■ **Given data**:
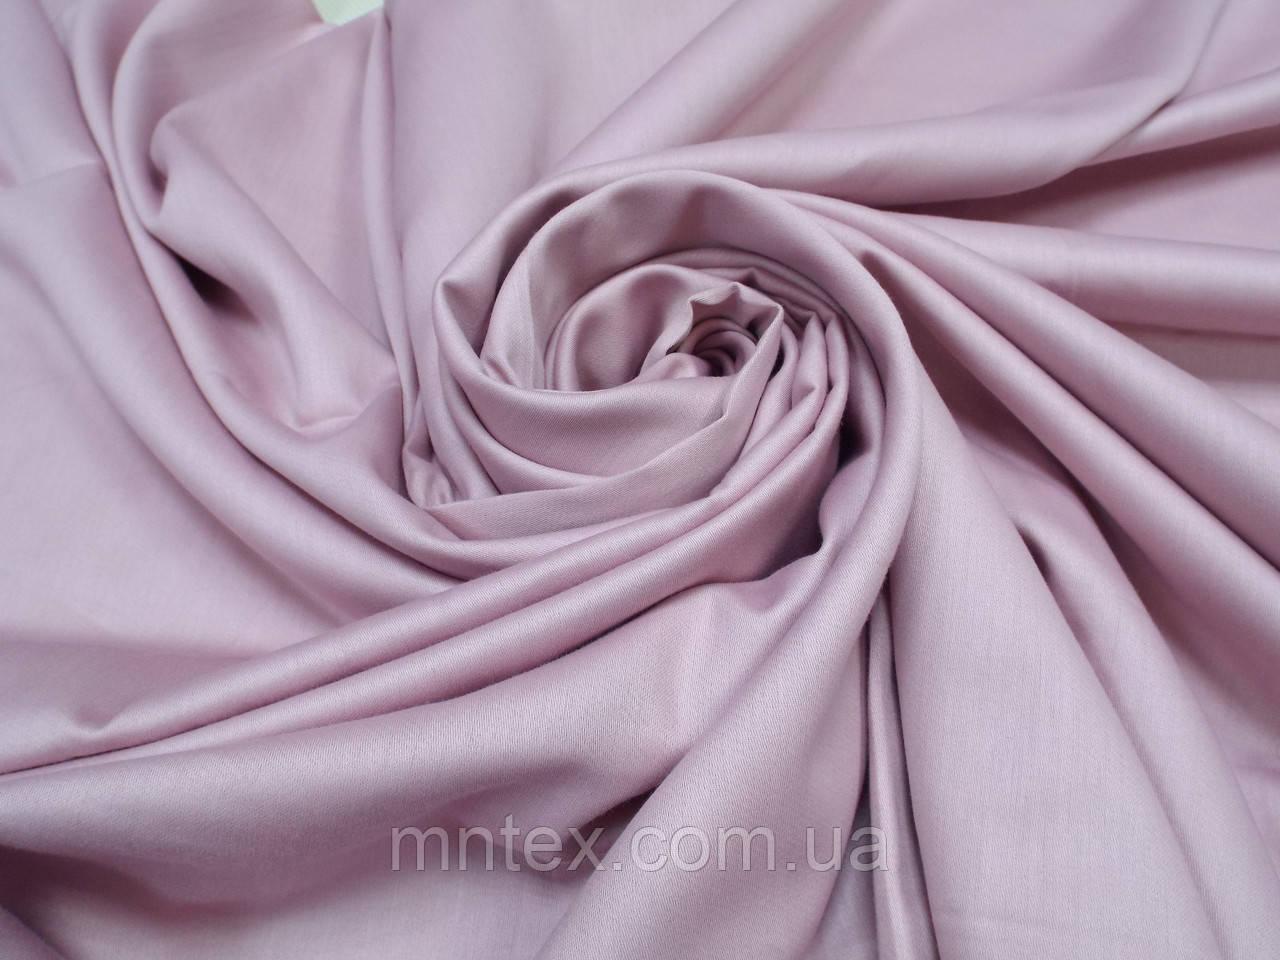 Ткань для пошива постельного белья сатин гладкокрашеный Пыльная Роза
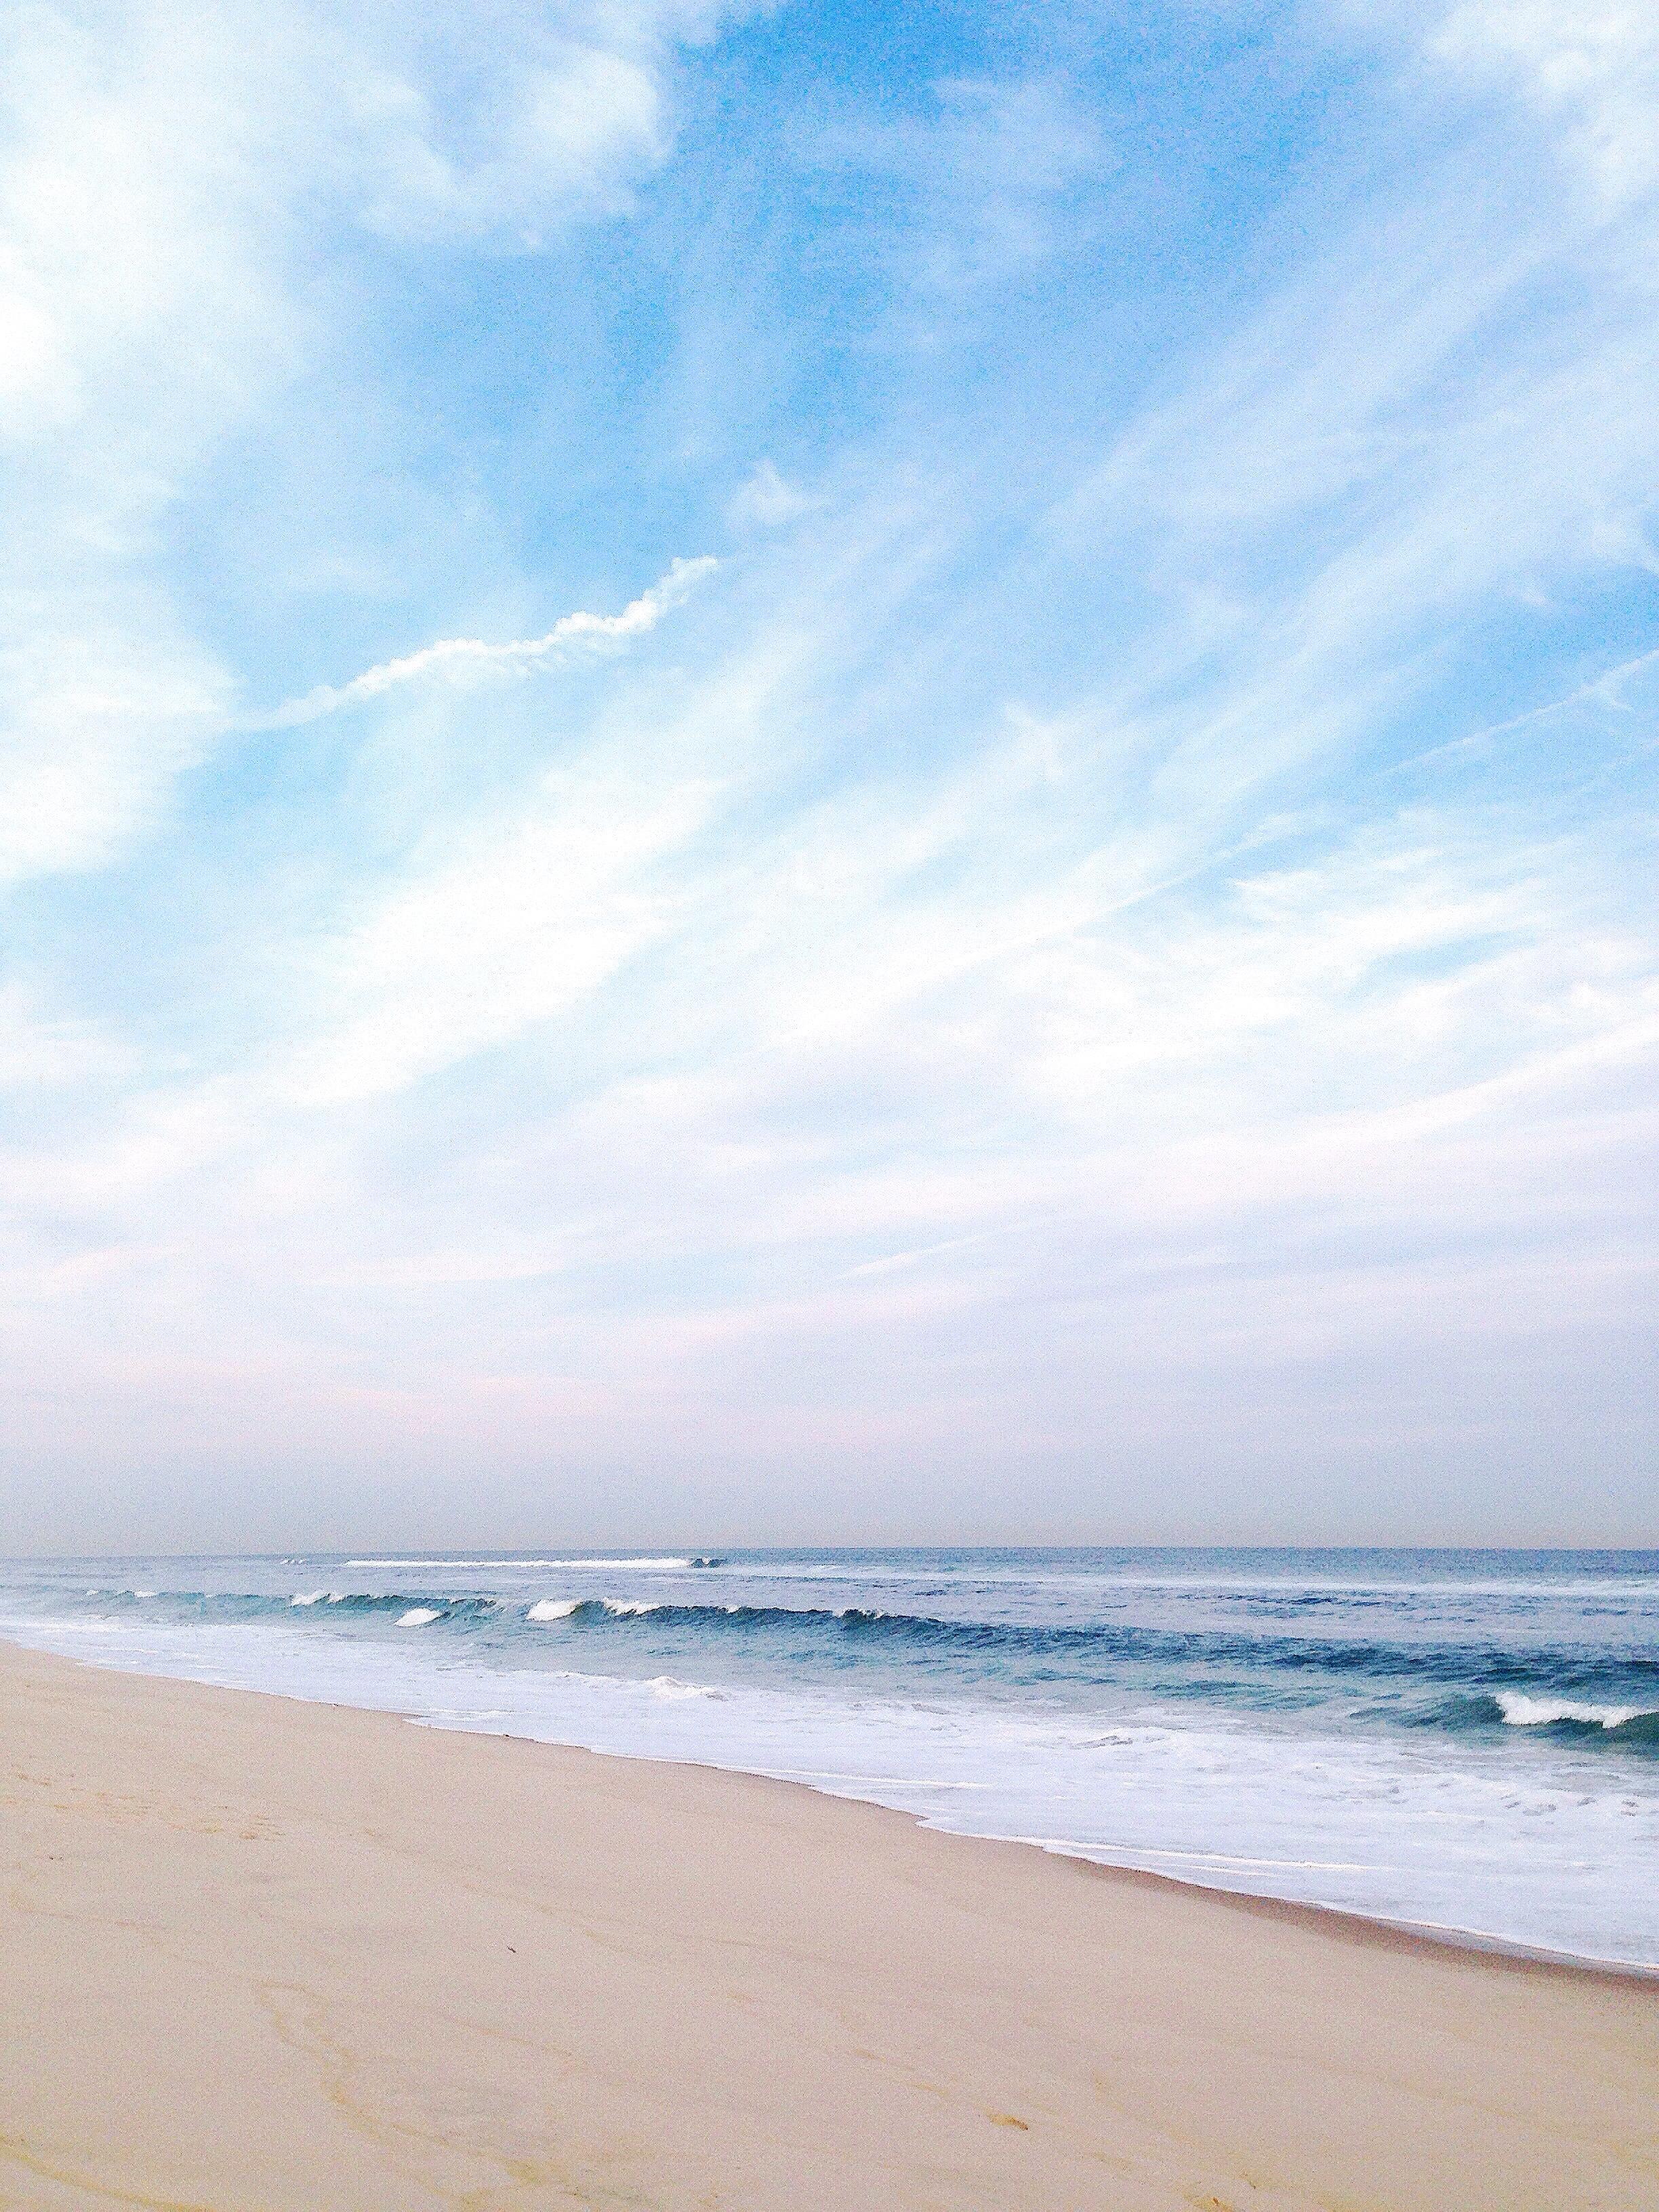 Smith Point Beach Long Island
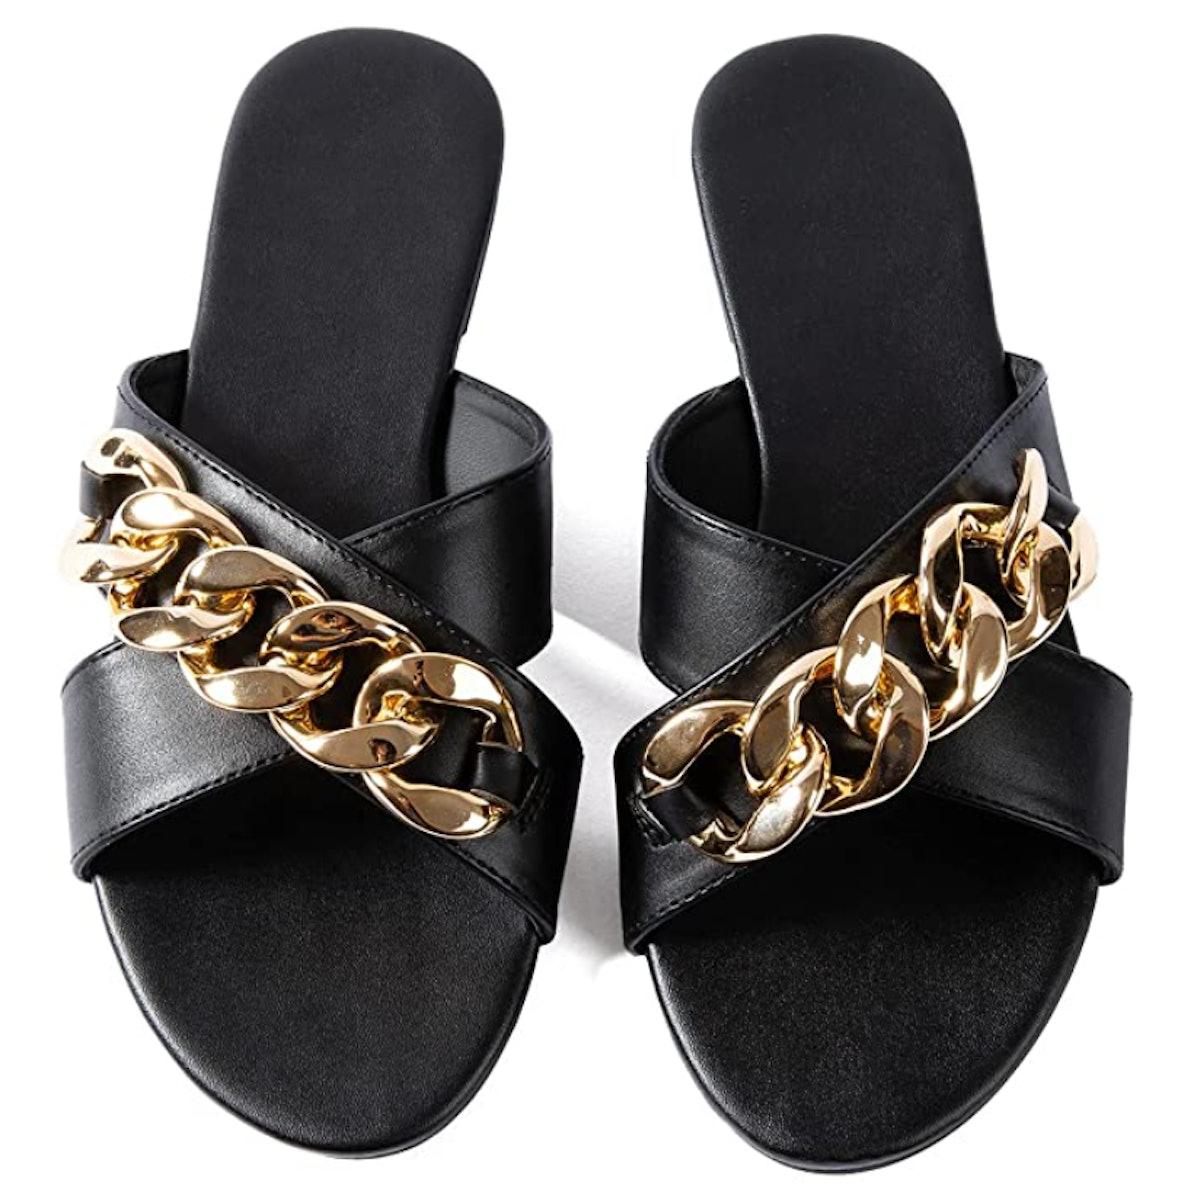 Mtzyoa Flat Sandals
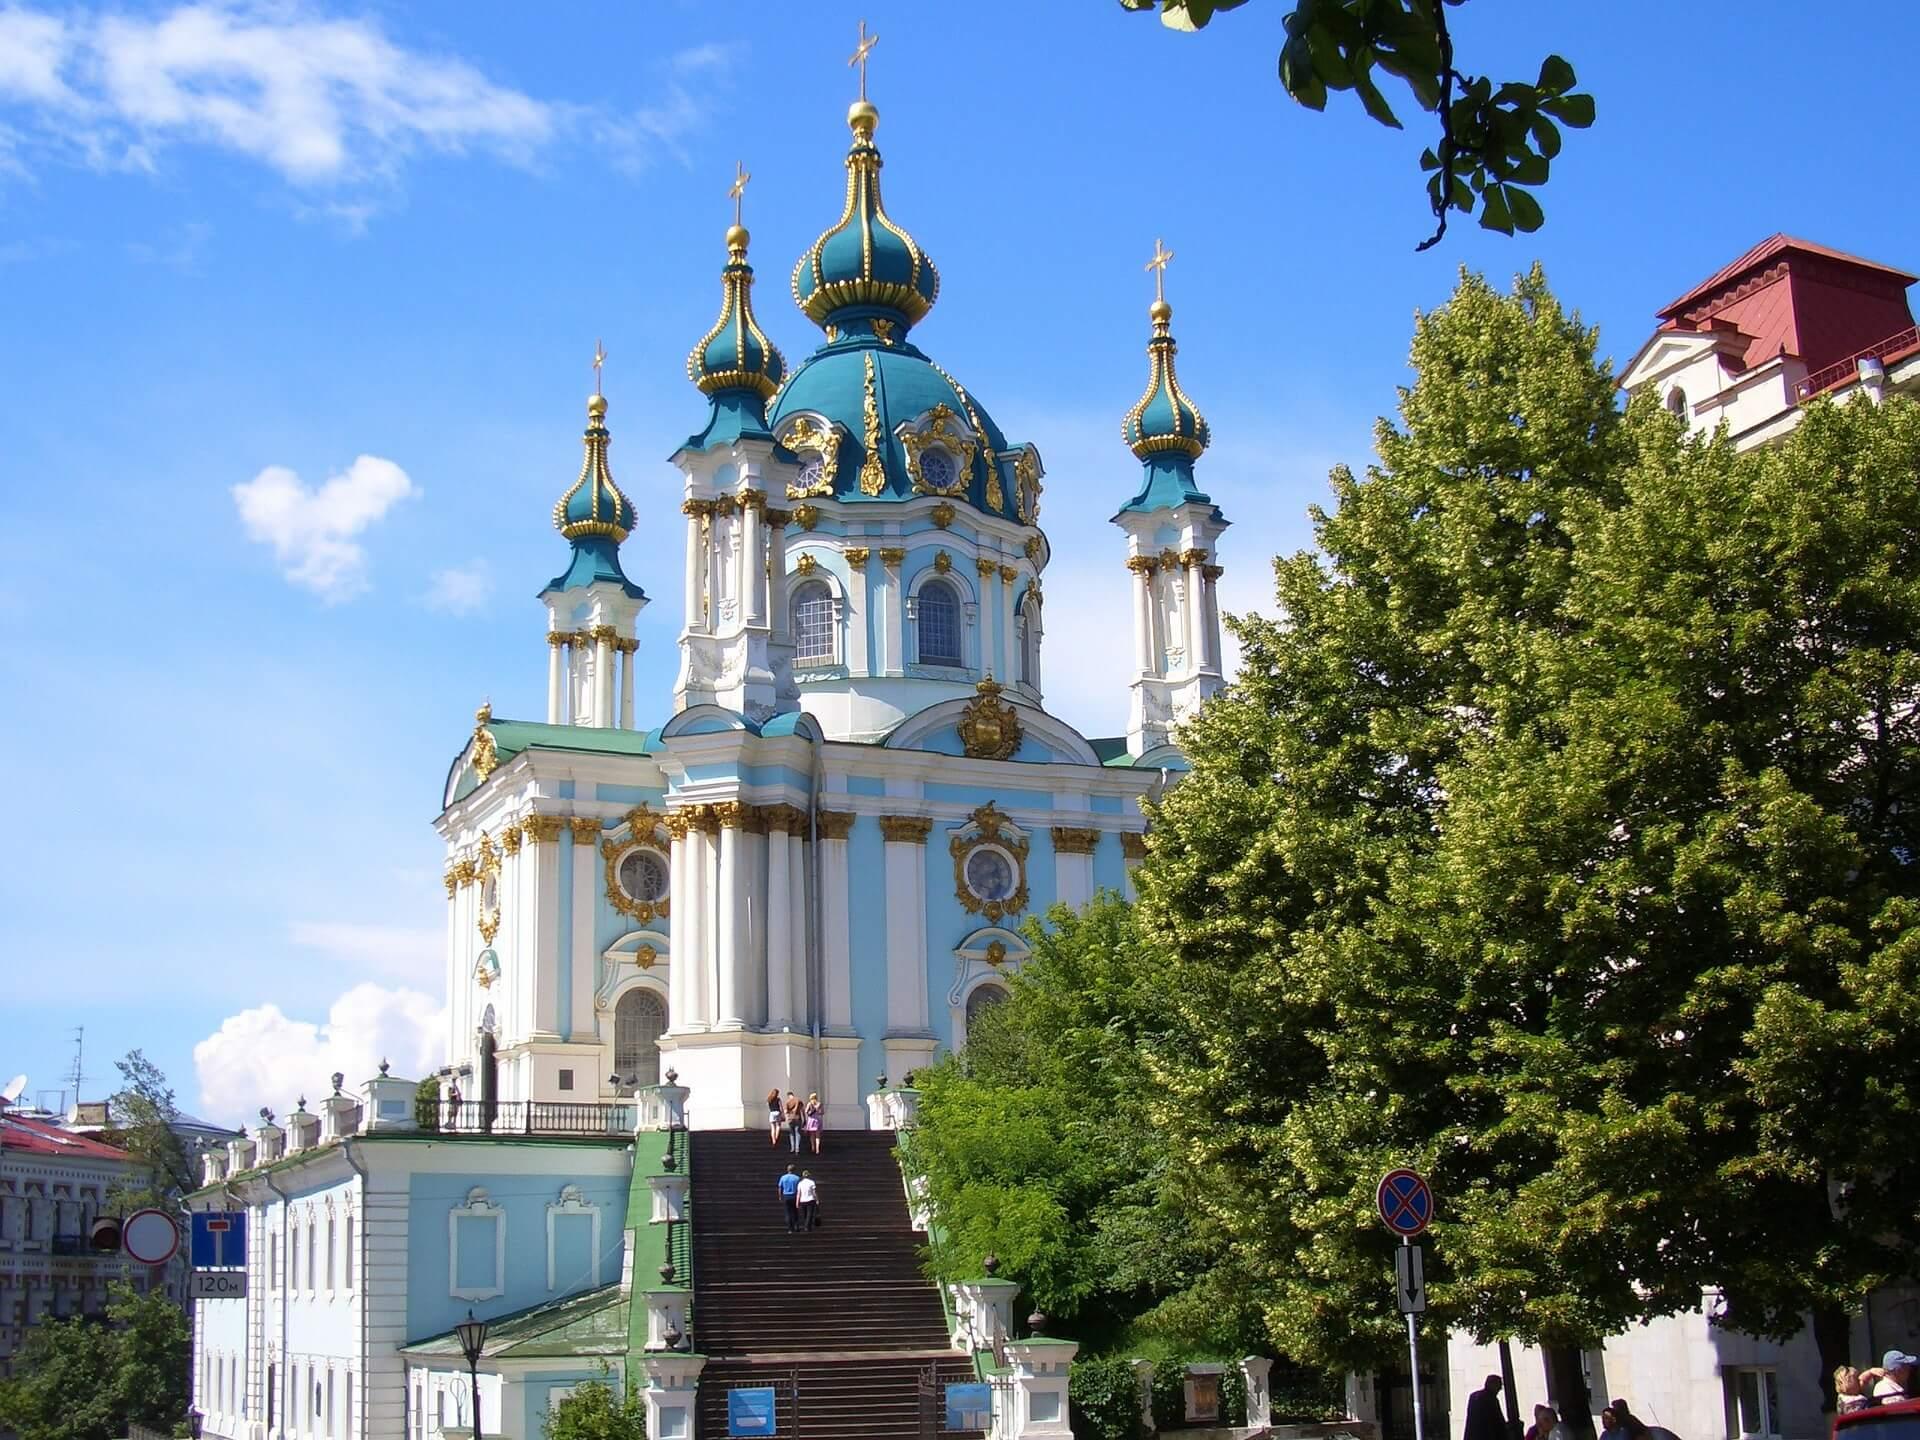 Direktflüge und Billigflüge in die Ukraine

■ **Aim of the task**:
Print the listing word for word, but omit the pictures.

■ **Output**:
 Ткань для пошива постельного белья сатин гладкокрашеный Пыльная Роза
 Smith Point Beach Long Island
 Mtzyoa Flat Sandals
 Direktflüge und Billigflüge in die Ukraine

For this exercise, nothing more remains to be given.